Data extract —
+---+

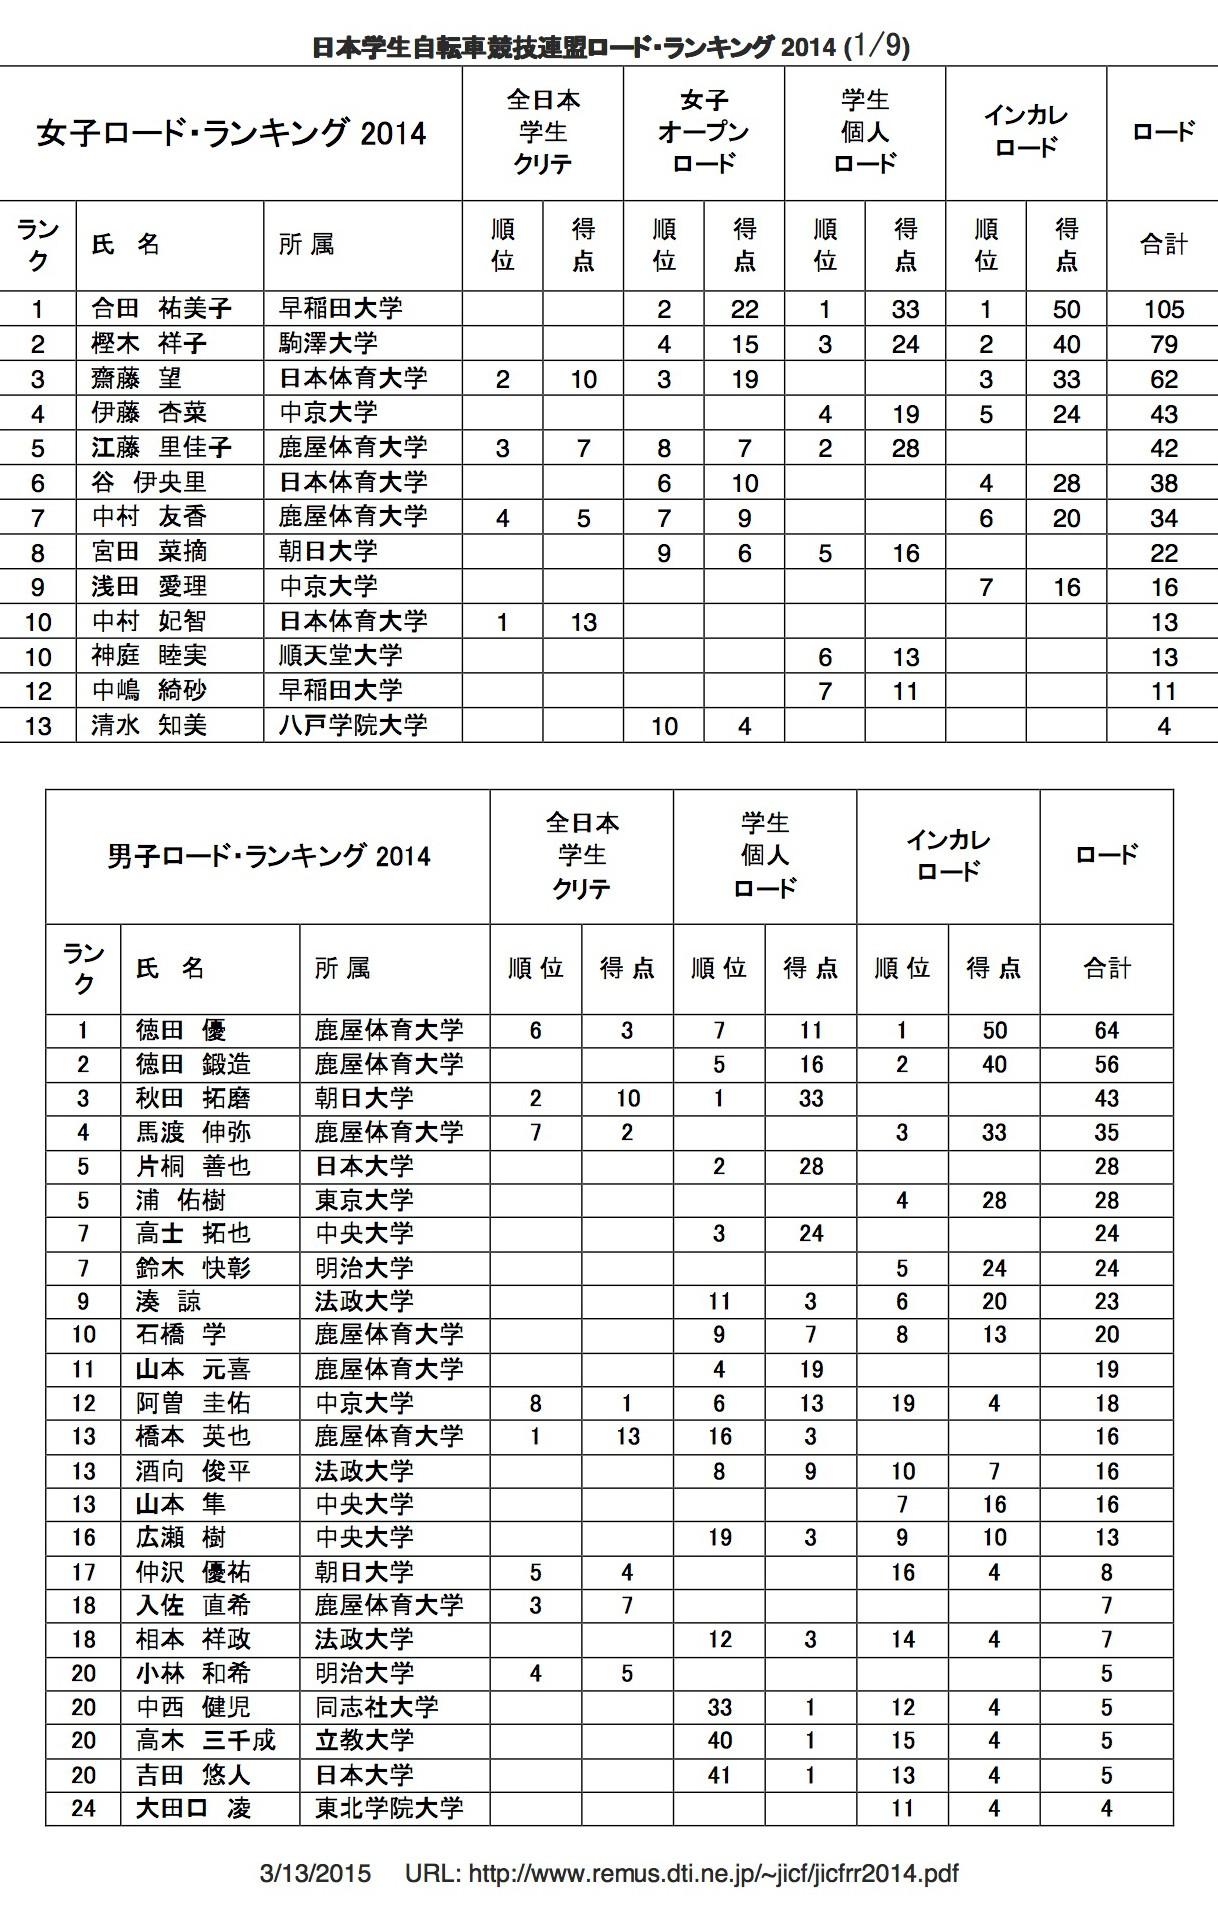 rr_rank_2014_01
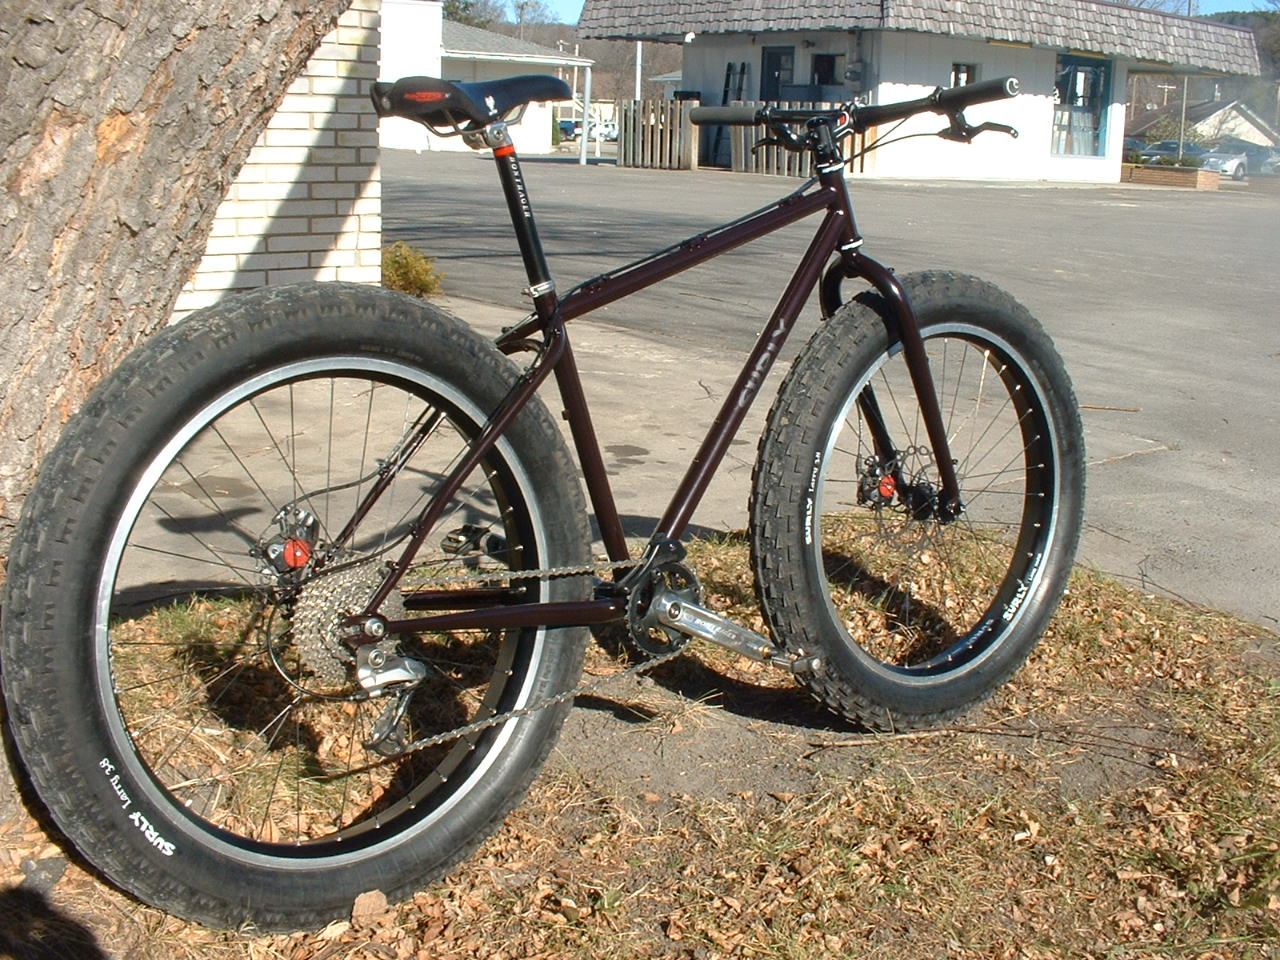 Daily fatbike pic thread-dscf0522.jpg
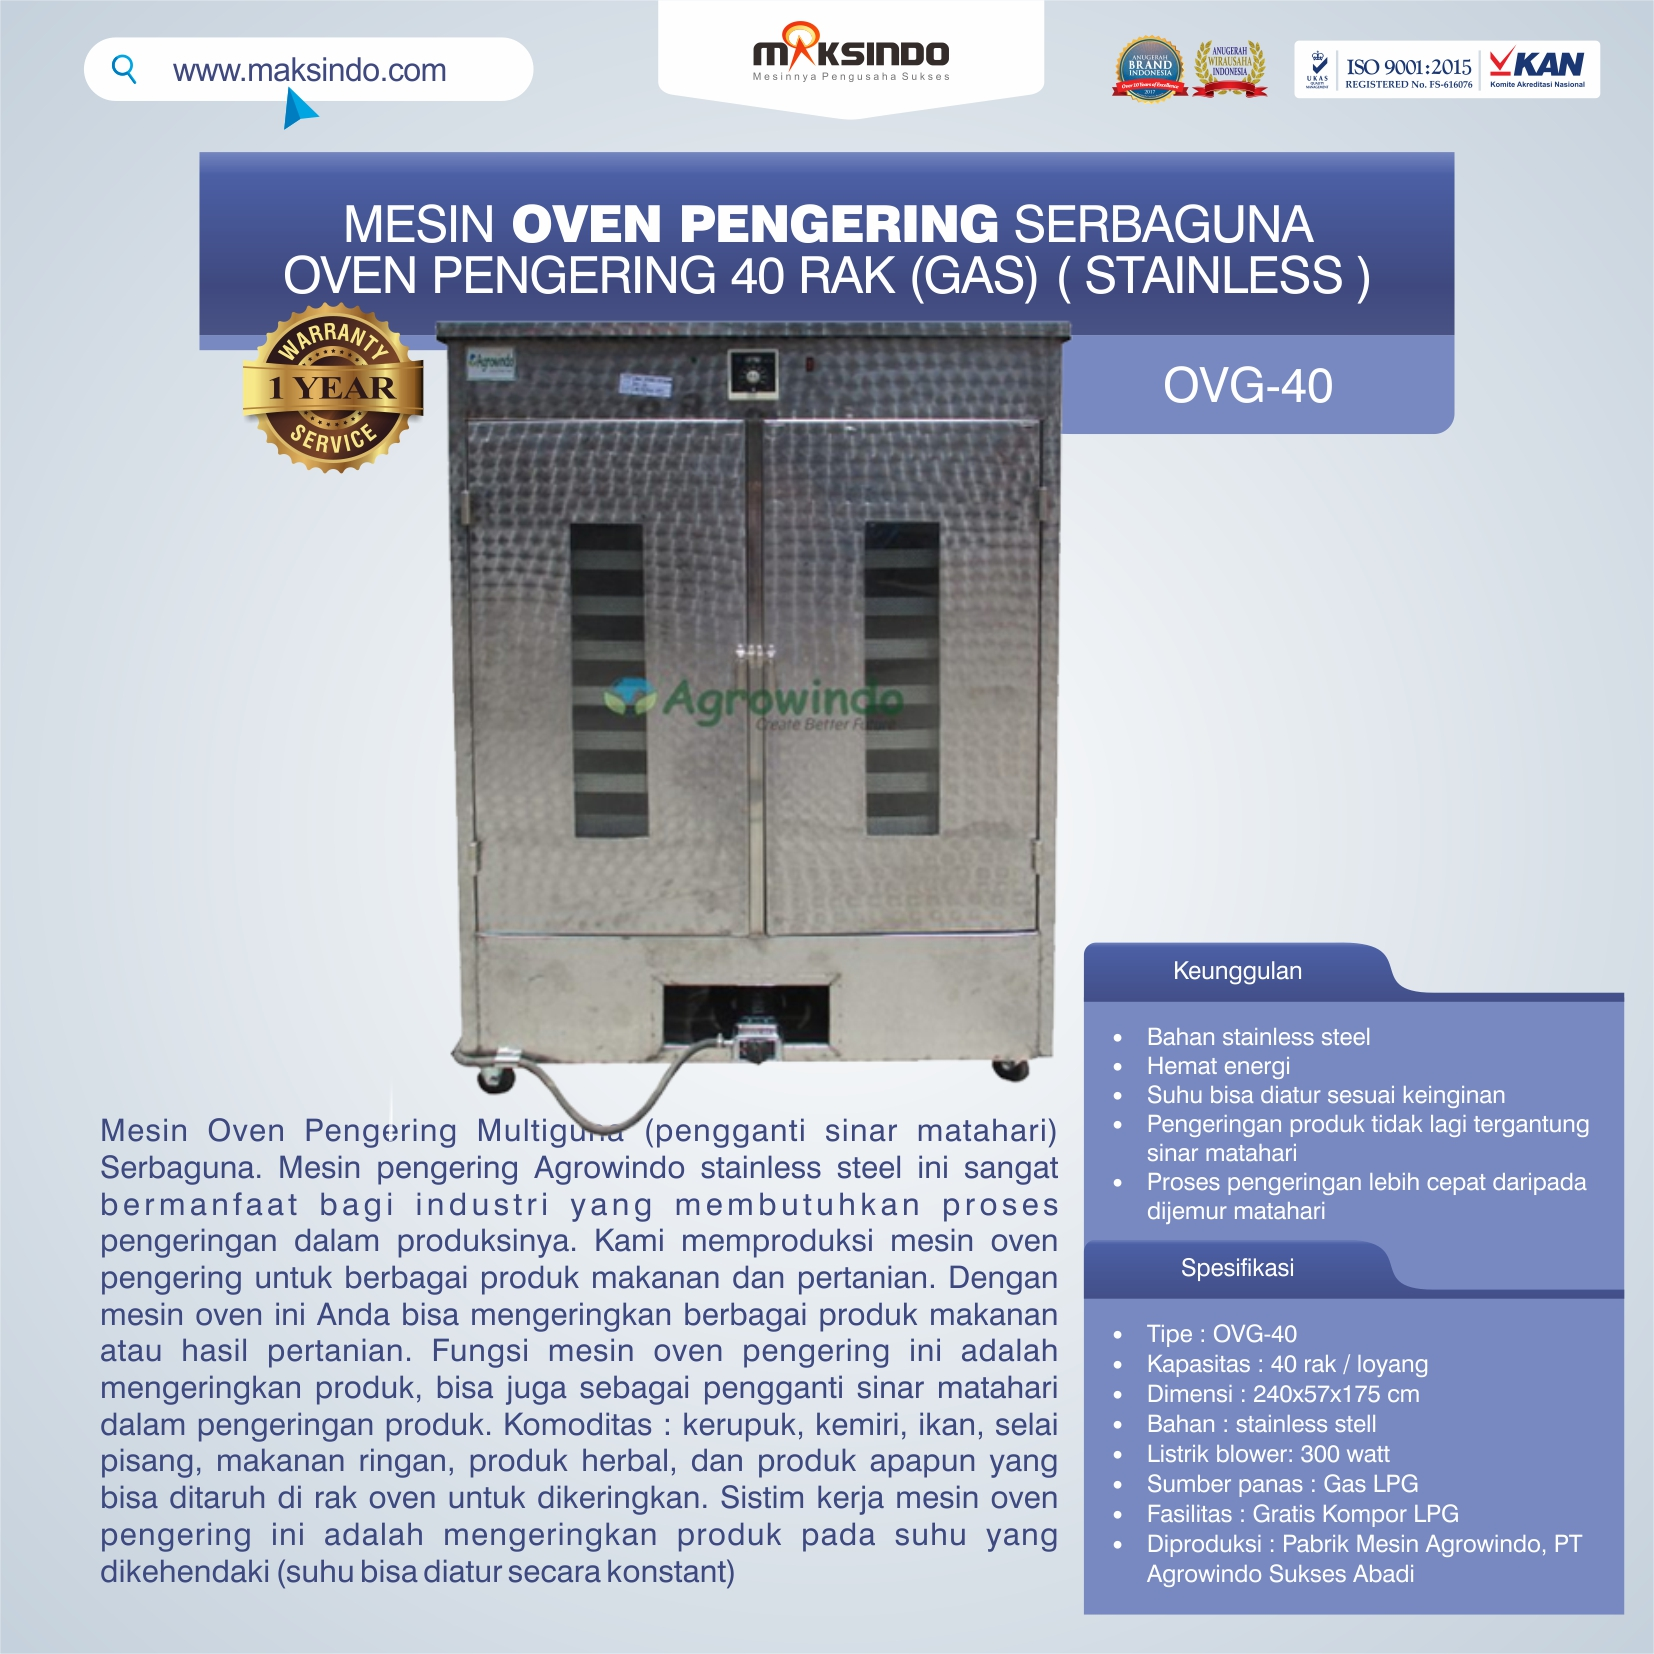 OVG-40 Mesin Oven Pengering Serbaguna 40 Rak (Gas) (Stainless )

+---+

Try it —
Would you return the whole listing exactly, without the pictures?

Exercise output —
 rr_rank_2014_01
 Daily fatbike pic thread-dscf0522.jpg
 OVG-40 Mesin Oven Pengering Serbaguna 40 Rak (Gas) (Stainless )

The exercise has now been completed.